Il la vit acquiescer tristement. Comme il l’avait souvent entendue dire, le concept du SETI datait de la fin des années 50, né du fameux article publié par Morrison et Cocconi, et c’est à ce titre qu’il était encore entaché de notions désuètes. L’idée que les gouvernements – dont on pouvait espérer qu’ils collaboreraient au niveau international – soient en mesure de contrôler parfaitement l’émission et la réception de signaux radio était un vestige d’une époque lointaine, avant qu’on sache produire en masse et à faible coût des antennes paraboliques, permettant à tous, dans le monde entier, de regarder ESPN et la chaîne Playboy.

Non, aujourd’hui, le premier venu qui en avait envie pouvait se fabriquer son réseau de radiotélescopes personnel en s’achetant les composants dans n’importe quel magasin. Avec des logiciels d’astronomie tournant sur un simple ordinateur individuel, les antennes satellites pouvaient facilement suivre Sigma Draconis dans le ciel. Des paraboles séparées par de grandes distances pouvaient être mises en réseau grâce à l’Internet, et moyennant l’utilisation de quelques programmes de correction d’erreur et d’atténuation de bruit, on pouvait les transformer en radiotélescopes beaucoup plus puissants. L’expression « SETI@home » avait pris une dimension nouvelle.

Bien sûr, la FCC aux États-Unis ainsi que divers organismes dans d’autres pays avaient l’autorité pour limiter les émissions radio privées. À la demande insistante du SETI, la FCC essayait de poursuivre en justice les nombreux groupes et individus qui transmettaient des réponses officieuses à Sigma Draconis. Mais tous ces procès étaient pratiquement perdus d’avance, à cause du Premier Amendement. Quelle que soit leur puissance, ces transmissions hyperfocalisées vers un point minuscule dans le ciel n’avaient aucun impact sur l’utilisation normale des ondes, et toute tentative de les interdire serait par conséquent une violation du droit fondamental à la liberté d’expression.

Don savait que quelques organisations religieuses, dont certains cultes spécialement créés pour l’occasion, avaient déjà construit leurs propres antennes afin de transmettre des signaux à Sigma Draconis. Certaines émettaient vingt-quatre heures sur vingt-quatre : Sigma Draconis ne se couchait jamais aux latitudes supérieures à vingt degrés Nord.

Et pour ceux qui ne voulaient envoyer qu’un message ou deux – des théories farfelues, de la poésie exécrable, des tracts politiques –, il y avait des entreprises du secteur privé qui avaient construit des paraboles et qui proposaient différentes formules de transmission. L’une des plus connues s’appelait Dracon Express, et son slogan était : « Quand il faut absolument et impérativement que ça arrive dans 18,8 ans. »

La petite Emily – qui avait dix ans – fit son apparition.

— Hello, ma chérie, lui dit Don. On dîne dans quelques minutes. Mets la table, tu veux bien ?

Emily n’eut pas l’air contente.

— Il faut vraiment que je le fasse ?

— Oui, ma chérie.

Elle poussa un long soupir théâtral.

— Il faut que je fasse tout, ici !

— Oui, fit Don, c’est exact. Après le dîner, il faudra que tu ailles labourer les champs pendant quelques heures. Quand tu auras fini, tu devras aller balayer tous les trottoirs jusqu’à Finch Avenue.

— Oh, papa !

Mais elle souriait en allant à la cuisine. Don se tourna vers sa femme, qui essayait manifestement de ne pas grincer des dents à chaque fois qu’Emily cognait les assiettes.

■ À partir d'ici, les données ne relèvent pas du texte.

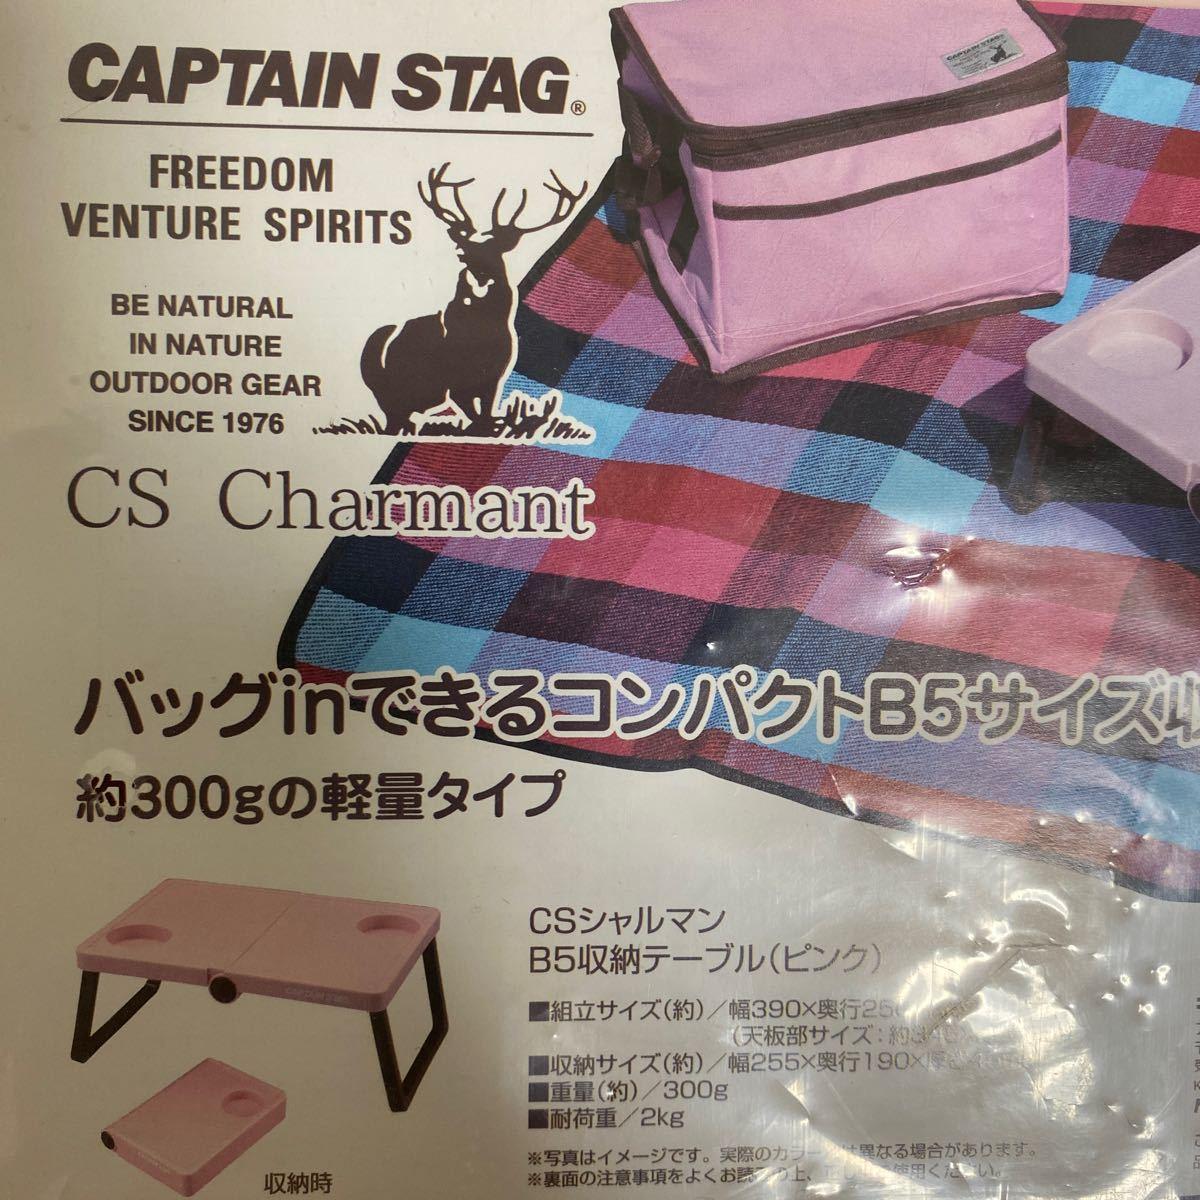 【新品】キャプテンスタッグ CAPTAIN STAG  B5収納テーブル (ピンク)アウトドアテーブル 折りたたみミニテーブル

— Bon, alors, fit-il. Est-ce que ton groupe a réussi à déterminer pourquoi les aliens s’intéressent à nos principes moraux ?

Elle secoua la tête.

— Il y a quelques paranos qui pensent qu’il s’agit d’une sorte d’examen, et que si nous échouons, nous serons punis. Un Français est allé jusqu’à suggérer que nous subissons une évaluation par l’équivalent du PETA chez les Dracons, afin de déterminer si nous satisfaisons aux critères moraux et cognitifs d’une véritable intelligence, ou si nous sommes simplement du bétail.

— Je croyais que c’était un des articles de foi au sein du SETI que les extraterrestres se contentent de communiquer, et qu’ils ne se déplacent jamais.

— Apparemment, ils n’ont pas reçu ce document à Paris, dit Sarah. Bon, ensuite, quelqu’un a imaginé que nous ne sommes qu’un point de données au sein d’une enquête beaucoup plus vaste, le genre de sondage qui sera résumé par de beaux graphiques multicolores dans l’équivalent dracon de USA Today.

Un minuteur tinta dans la cuisine. Don donna une petite tape sur les jambes de Sarah pour qu’elle le laisse se lever. Il se rendit dans la cuisine où il se rinça les mains avant d’ouvrir le four. Une bouffée d’air chaud s’en échappa.

— Et cette histoire d’orchestrer les réponses ? lança-t-il. Qu’est-ce que vous avez décidé, là-dessus ?

— Attends, lui répondit Sarah, je vais me laver les mains.

Don prit ses maniques et sortit la cocotte qu’il posa sur le dessus de la cuisinière.

— Où sont les serviettes ? lui demanda Emily.

— Dans ce placard, répondit-il en le désignant du menton. Exactement comme hier. Et avant-hier aussi.

— Stacie dit qu’elle a vu maman à la télé, dit Emily.

— C’est plutôt cool, hein ? fit-il en ouvrant la cocotte pour remuer les légumes.

— Ouais…

Sarah passa le nez à la porte.

— Il y a quelque chose qui sent bon, ici.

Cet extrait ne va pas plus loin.